How To: Desktop as Server, Laptop as "Thin Client"?
Solution 1:
VNC is a bit of a brute force approach to doing remote desktop - the generic implementation simply sends you the image on the screen at the moment, and your system just displays that. Its why its so darned portable but sucks for most part.
I've personally have had great luck with chrome remote as a remote desktop client - its dead simple, and has crazy good performance over WAN. Turn off aero, and other than sound, its nearly native, with almost no connection configuration. You would however find that if the client has a lower res than the host, the image quality/scaling isn't aways very good, and this is made worse if you end up needing to letter box.
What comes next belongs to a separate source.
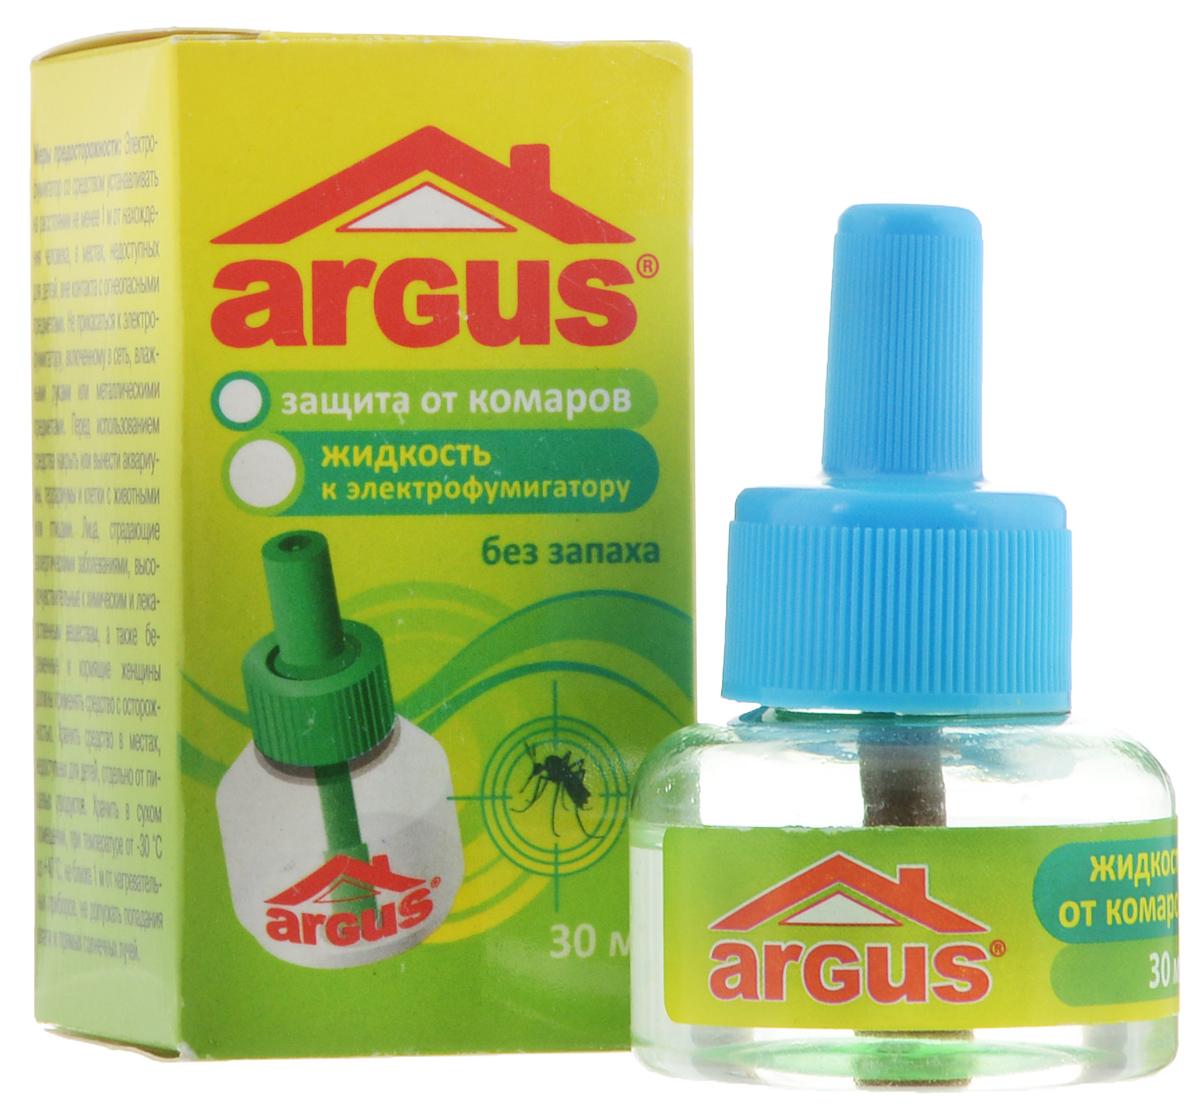 Жидкость от комаров Argus, без запаха, 30 млСЗ.010009Жидкость Argus предназначена для уничтожения комаров. Устанавливается к электрофумигатору (в комплект не входит). Один флакон рассчитан не менее чем на 360 часов. Использование жидкости с фумигатором в течение 30 минут обеспечивает полную гибель мух, комаров и мошек. Используется в помещении площадью не менее 16 м2 при открытых окнах. Средство не имеет запаха. Состав: эток (0,9%), испарители, антиоксиданты, растворители. Товар сертифицирован.

If the server is a linux box, i've had good luck with freenx/nx versions, though development on freenx seems to have stagnated. Its probably the fastest remote desktop I've used so far, up until chrome remote. You can use the official client from nomachine with any of the common in distro varients that are available
With RDP, you may need to get a suitable client (there's newer clients for say windows XP that supports the new shiny vista and 7 RDP stuff), and with newer versions of windows, rather counter intuitively leaving graphical speedup related stuff on is good. Its also faster than RDP since it sends instructions on rendering, rather than bitmaps of the screen.
And of course, there's always the option not to export the gui, and do everything over ssh or mosh - which would mean almost no overhead, and looking really cool ;p.